Making an Impact Requires an Intelligent Platform and Asset Grade Data
Born out of the revised 2017 federal tax code, Opportunity Zones (OZs) denote a select number of designated census tracts that perform at a lower level than other comparable census tracts within a given state. These OZs intend to promote increased investment in those census tracts with key metrics and regulations dictating the level of investment, time, and capital in order to qualify for the tax incentives.
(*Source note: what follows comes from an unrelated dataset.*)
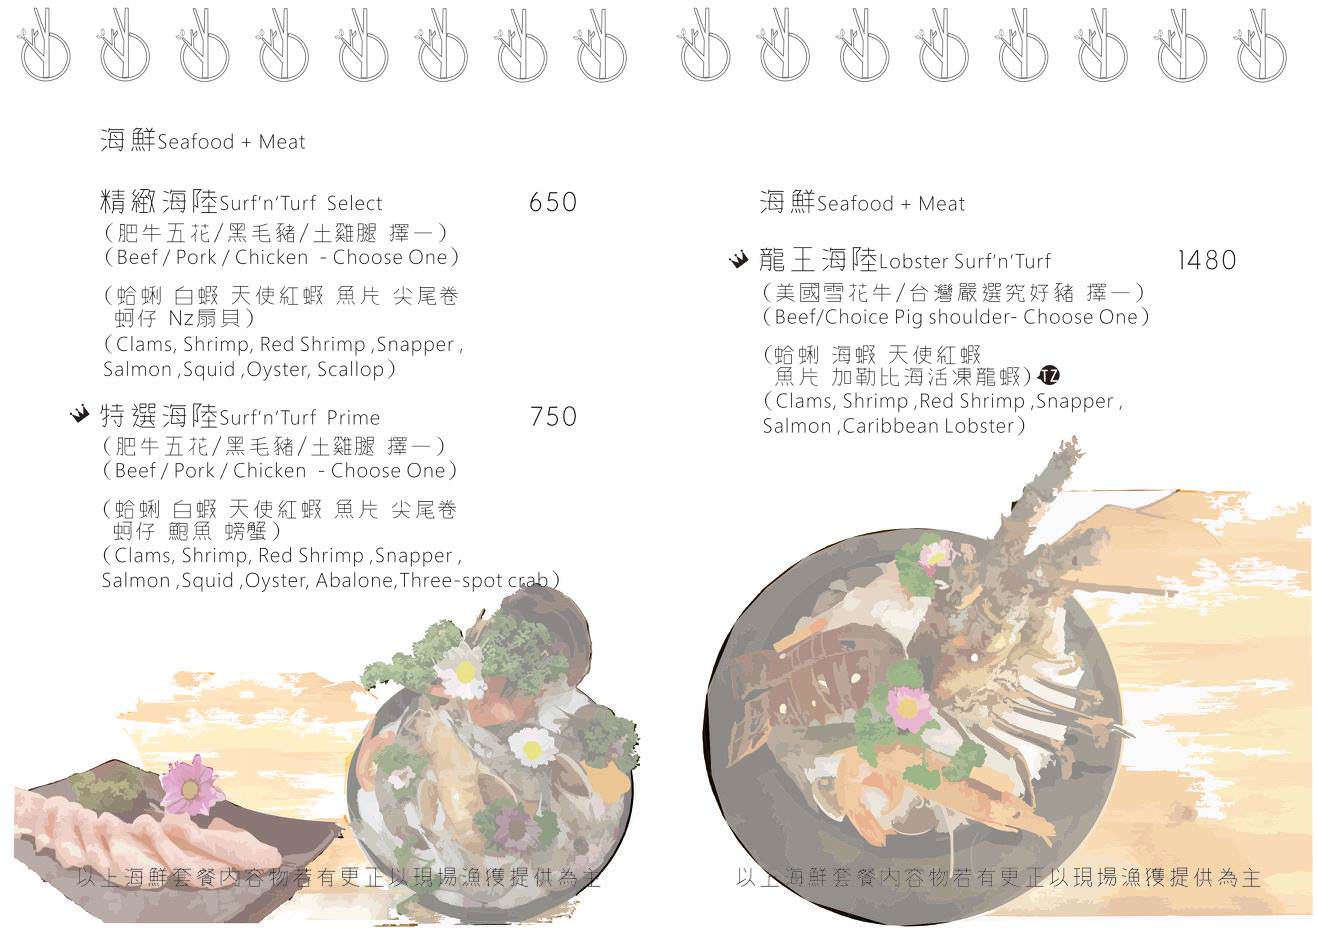 新竹火鍋|湯作鍋物|(巨城百貨旁)文青風火鍋屋~精緻肉片塔|不賣火鍋料~只有天然湯頭、蔬食和高檔肉品!

Recently, the Wall Street Journal published an Op-Ed, “Opportunity Zones Knock Where They’re Least Needed,” by Tony Mecia of the Charlotte Observer. Mr. Mecia very critically and factually pointed out the ways in which investors can exploit the new tax code by investing in a designated OZ that meets the superficial requirements, but does not actually meet the logical requirements for disadvantaged status. For example, Mr. Mecia cites some key metrics that exemplify the potential loophole in Chapel Hill, NC: “But the zone’s median age is 22, 99.8% of residents have high-school diplomas, 49% say they have moved in the past year… the median value of owner-occupied housing is $500,000, or triple the state average.” Mr. Mecia goes on to detail further instances of improperly designated opportunity zones from Louisville, KY to Ft. Lauderdale, FL to Pittsburgh, PA and a Brookings Institute study that categorized thirty-three different college towns with proximate OZs.
Opportunity Zones can represent a critical opportunity for targeted investment and economic reinvigoration. Yet, as the Wall Street Journal Op-Ed describes, this chance to reinvest in these areas can be co-opted and corrupted by those seeking to make a greater return without regard for the tangible impact on the community.
Intentional investors looking to make a real tangible impact in a truly economically disadvantaged area or census tract deserve tools and methods that help them to make the right decisions in the right places. Understanding the critical metrics and being able to process the right data enables the right types of investments: those that do well and do good.
Immutably™ for Opportunity Zones provides those trusted and provenanced insights. By baselining important metrics and factors about a given city or neighborhood, intentional investors have the opportunity to pick the right targets that meet their goals and return real value for the community.
The goal of the platform is to provide deep, specific insight into these OZs along several critical dimensions:
- Existing infrastructure investment, both public and private, to baseline what services exist in the OZ;
- Industry and business clustering to best understand the present state of economic activity in the OZ;
- Social graphing of ownership and investment to gain insights into existing investors and industrials operating within the OZs
Cities and governments should be enabled with a platform like Immutably™ for OZ to ensure those outcomes. These outcomes should be evaluated by the framework of the United Nations Sustainable Development Goals and the desired socio-economic goals of these local communities. Investors working with communities in public-private partnerships and enabled with the right Asset Grade Data can achieve these goals together.
Context Labs, under the branding of subsidiary Spherical | Analytics, has already deployed its Immutably™ for OZ platform in Kansas City with investment firm Blueprint Local and the Kauffman Foundation. This applied methodology continues to inform and educate, zeroing in on specific neighborhoods, organizations, and prospects for investment.
Opportunity Zones possess untapped potential investment possibilities for those willing to take the risk. By using the Immutably™ platform, investors can learn the immutable truth about the economic, infrastructure, and other ambient conditions before investing to avoid the pitfalls of making a quick cash grab without real impact.